Поработав в родном колхозе, завершив «уборочную», Мишка дождался увядания золотой осени, повестки, то бишь официальной «путёвки» в другую жизнь.
За «прощальный» стол, Мишку посадили между матерью и Зиной, словно его уже свадебно «окольцовывали», ухаживая за ним как за принцем, чего больше всего не любил новобранец.
«Банкетом» рулила шумная тётка Клава, тыкая пальцем доярки с двадцатилетним стажем, указывая кому ещё подлить, а кому уже больше не надо! Уважительно, первому давая слово председателю колхоза. Тот, простужено оживляя красные ноздри, шморгая внутренними соплями, не выпуская сырой платок, хвалил парня за работу в тракторной бригаде, обещая после армии новый комбайн, а ещё срубить новую хату, если сыграет знатную свадьбу, женится на заведующей очагом культуры, Зинаиде Ивановне Жабинской. Мишка знал, что Зина любит, когда её так «длинно» величают.
Своё слово сказал и бригадир. Тот похвалил за покладистость и трудовое терпение, отметил большую физическую силу, кою Мишка проявил, когда его раз поставили на лесопилку. Повеселил народ, слушая как дело было. Мол, очень тяжко было успевать сорокапятилетним работникам «пилы, доски и мата» в тот день, да ещё с похмелья, за молодым и резвым, когда одному чуть ногу не отдавил баланом, другого завалил в яму с опилками.
Мишкин гордый отец, присутствовал на той утренней пятиминутки, когда мелкий и кривоногий Митька Мякиш, главный по «пилке» леса, вскочил, вспылил в адрес бригадира:
— Убирай его от нас к ху...(матерно ругается) — чуть меня с Николаичем не угробил (вновь вставляет солёные вставочки) — пусть свою штангу на огороде бросает, а не бревно!
Больше Мишку не ставили на пилораму, перевели на неисправный трактор, чему и рад был молоденький, но физически сильный сын, своенравного колхозника Гончаренко Николая Архиповича. Со школы имея права тракториста-машиниста 3 класса, окрылённый парнишка, вдохнул вторую жизнь в старенький ДТ-54, до ночи возясь на кузнице…
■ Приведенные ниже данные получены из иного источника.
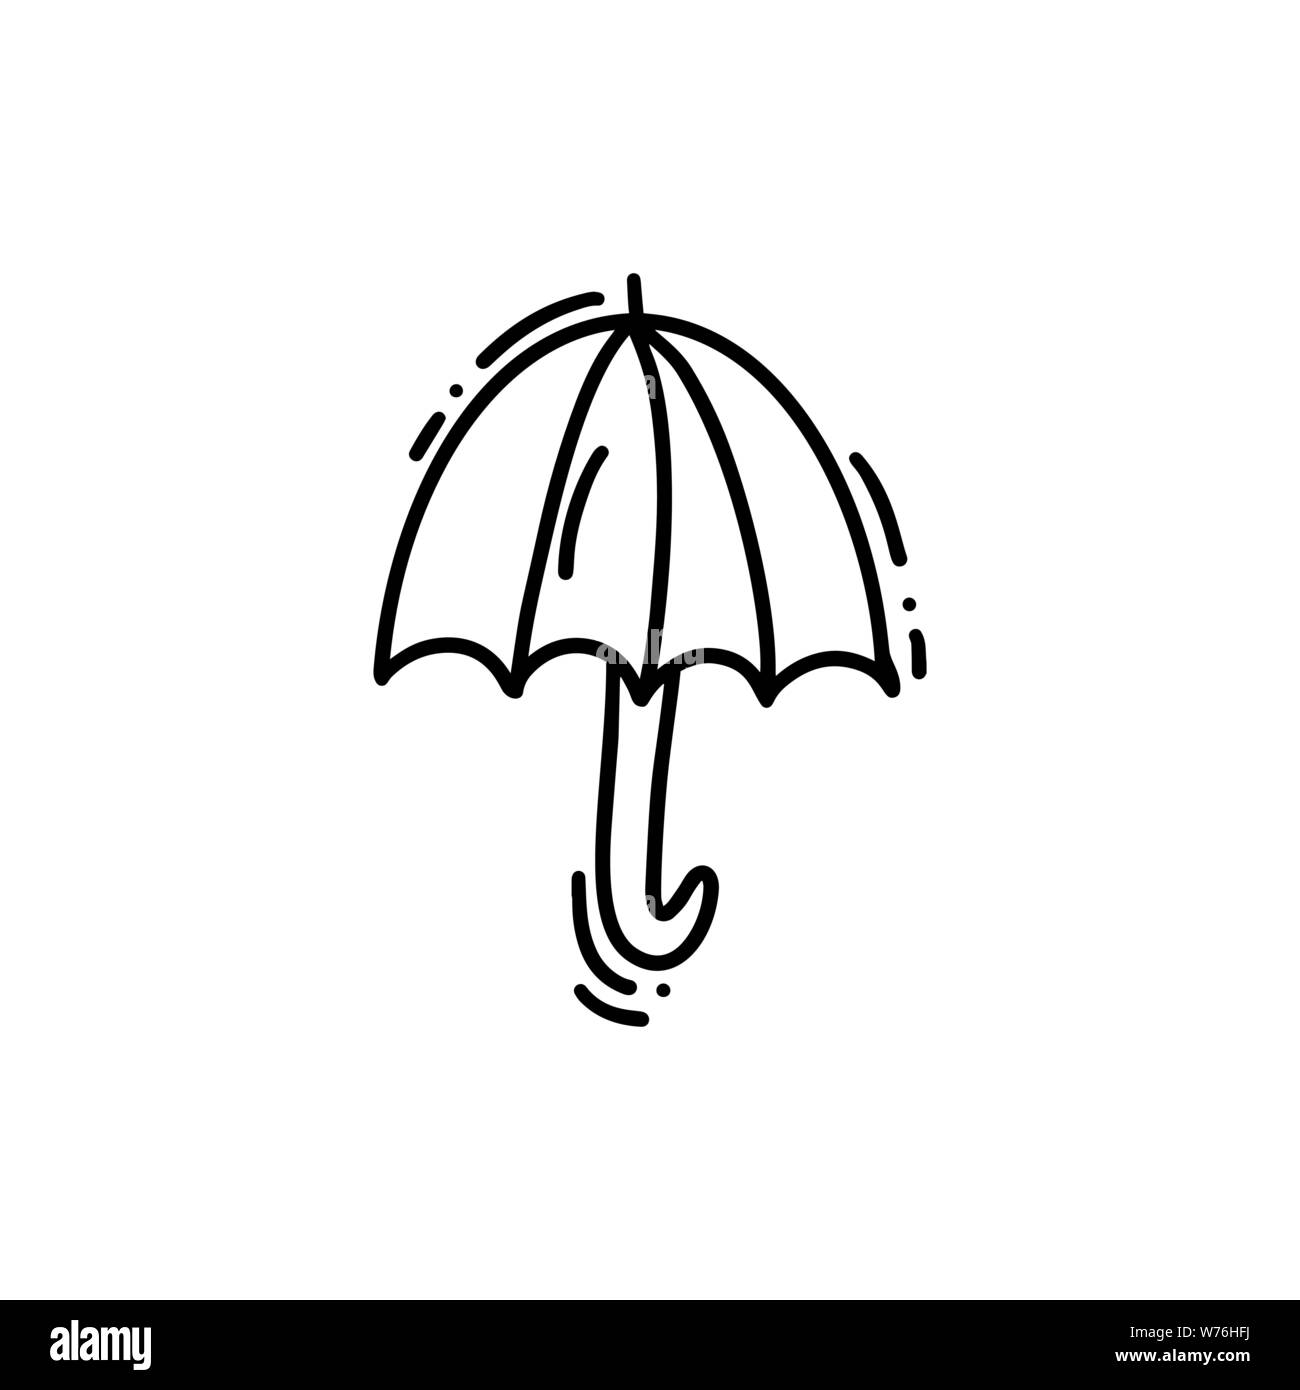 Icona di ombrello monolino. Illustrazione del logo del doodle vettoriale disegnato a mano. Schizzo isolato su sfondo bianco Illustrazione Vettoriale

Взяла слово мать. Сердечно отчиталась перед селянами, каких ладных дочек и сыновей народили, что перед лЮдями не стыдно жить. А сегодня провожаем старшего, которого прилюдно пообещала ждать красивая Зиночка, который, обязательно достойно отслужит армию, отдаст командирам и Родине долги, вернётся к любимой. Прикатит в родное село, в колхоз, к технике, и хлебной земле с покосами и рыбной ловлей на красавице-реке. Здесь пустит свои семейные корни в новенькой избе, завязав брачные узлы с Зиночкой, обзаведутся детками, скотиной, мотоциклом с телевизором…
2.
Проводив небо, в нём очередной жужжащий Ан-2, за щербатые горизонты тёмного леса, любители никотина потянулись снова в хату, нахваливая убойный «первак» хозяина «проводин».
Мишкин отец, слыл мужиком стабильно трудолюбивым, суровым, неуступчивым, острым на язык, борцом за правду-матку, за ладный порядок на всяком подворье селения, отчего в его судьбе не водились «равнозначные» единомышленники и друзья. Зато имелись недруги, «заспинные» злопыхатели, рОжденные — элементарными лодырями, болтунами и пропойцами. Как Николай Архипович, иногда, «под натянутыми нервами», при родных выражался: «Типичное завистливое мудачьё…»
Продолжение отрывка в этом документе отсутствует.